VI

Variational inference (VI) provides approximate Bayesian inference by optimizing a parameterized posterior family instead of drawing Markov chains. In NoLimits.jl, VI is integrated through Turing + AdvancedVI and supports both fixed-effects-only and mixed-effects models.

Compared with MCMC, VI is often faster and easier to scale, but it returns an approximation whose quality depends on the selected variational family.

Applicability

The following conditions must hold to use VI:

  • All free fixed effects must have priors.
  • At least one parameter must be sampled.
    • Fixed-only models: at least one fixed effect must remain free.
    • Mixed-effects models: random effects can be sampled even if all fixed effects are held constant.
  • penalty is not supported.

VI samples on the natural (untransformed) parameter scale.
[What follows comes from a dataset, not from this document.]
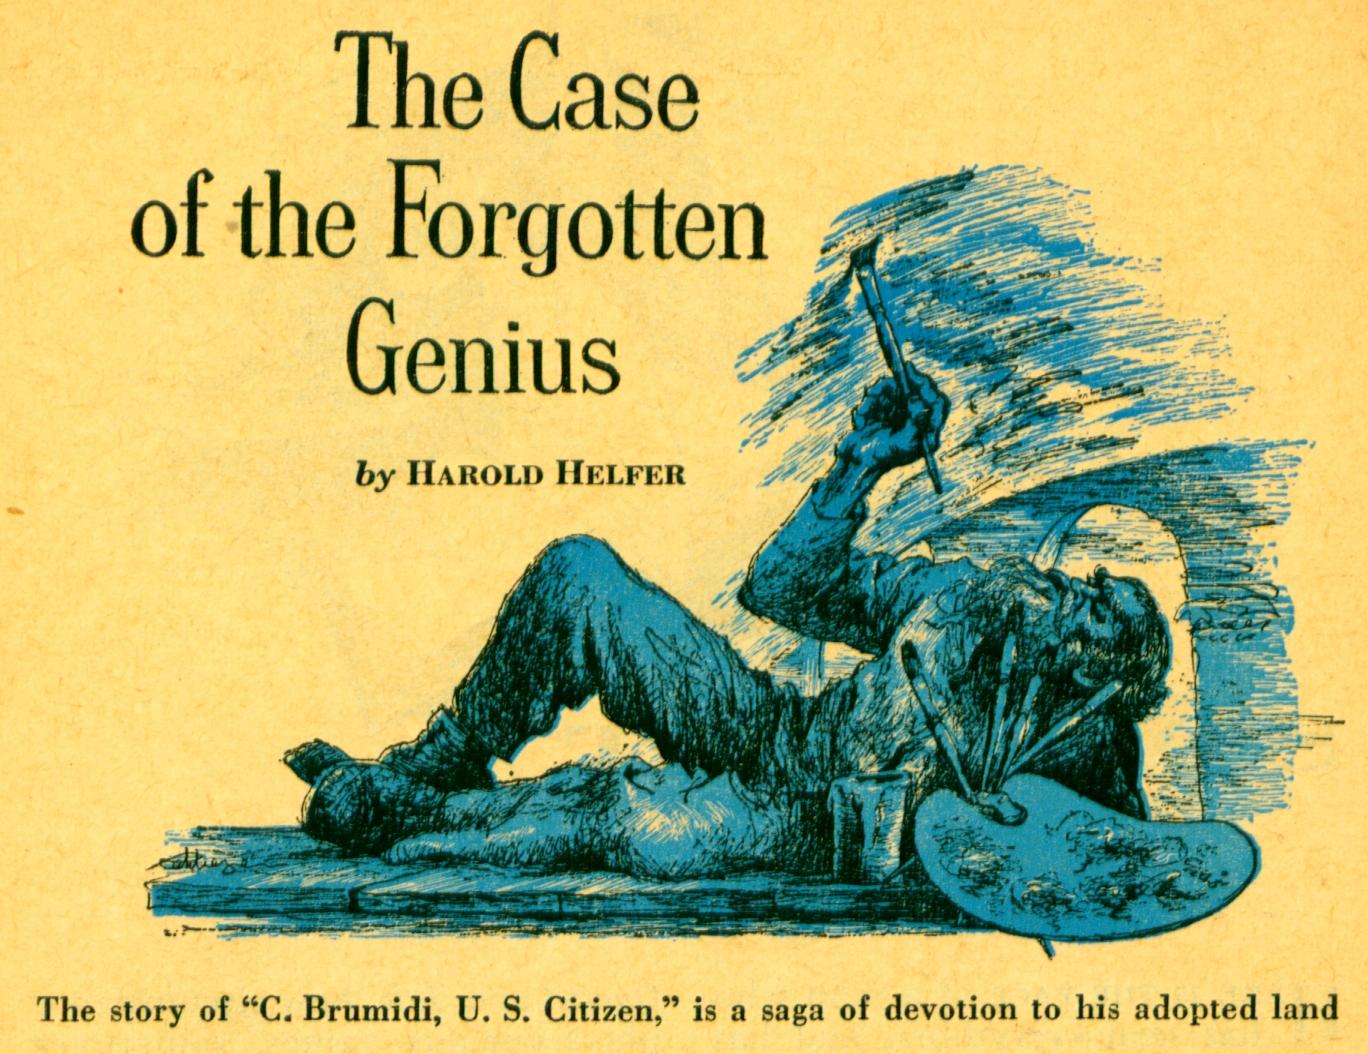 April 1952 - The Case of the Forgotten Genius

Basic Usage (Fixed Effects)

using NoLimits
using DataFrames
using Distributions
using Random

model = @Model begin
    @covariates begin
        t = Covariate()
    end

    @fixedEffects begin
        a = RealNumber(0.0, prior=Normal(0.0, 1.0))
        b = RealNumber(0.3, prior=Normal(0.0, 1.0))
        sigma = RealNumber(0.2, scale=:log, prior=LogNormal(-1.5, 0.3))
    end

    @formulas begin
        y ~ Normal(a + b * t, sigma)
    end
end

df = DataFrame(
    ID = [:A, :A, :B, :B, :C, :C],
    t = [0.0, 1.0, 0.0, 1.0, 0.0, 1.0],
    y = [0.1, 0.45, -0.05, 0.22, 0.02, 0.32],
)

dm = DataModel(model, df; primary_id=:ID, time_col=:t)

res = fit_model(
    dm,
    NoLimits.VI(; turing_kwargs=(max_iter=300, family=:meanfield, progress=false)),
    rng=Random.Xoshiro(1),
)

Constructor Options

using NoLimits

method = NoLimits.VI(; turing_kwargs=NamedTuple())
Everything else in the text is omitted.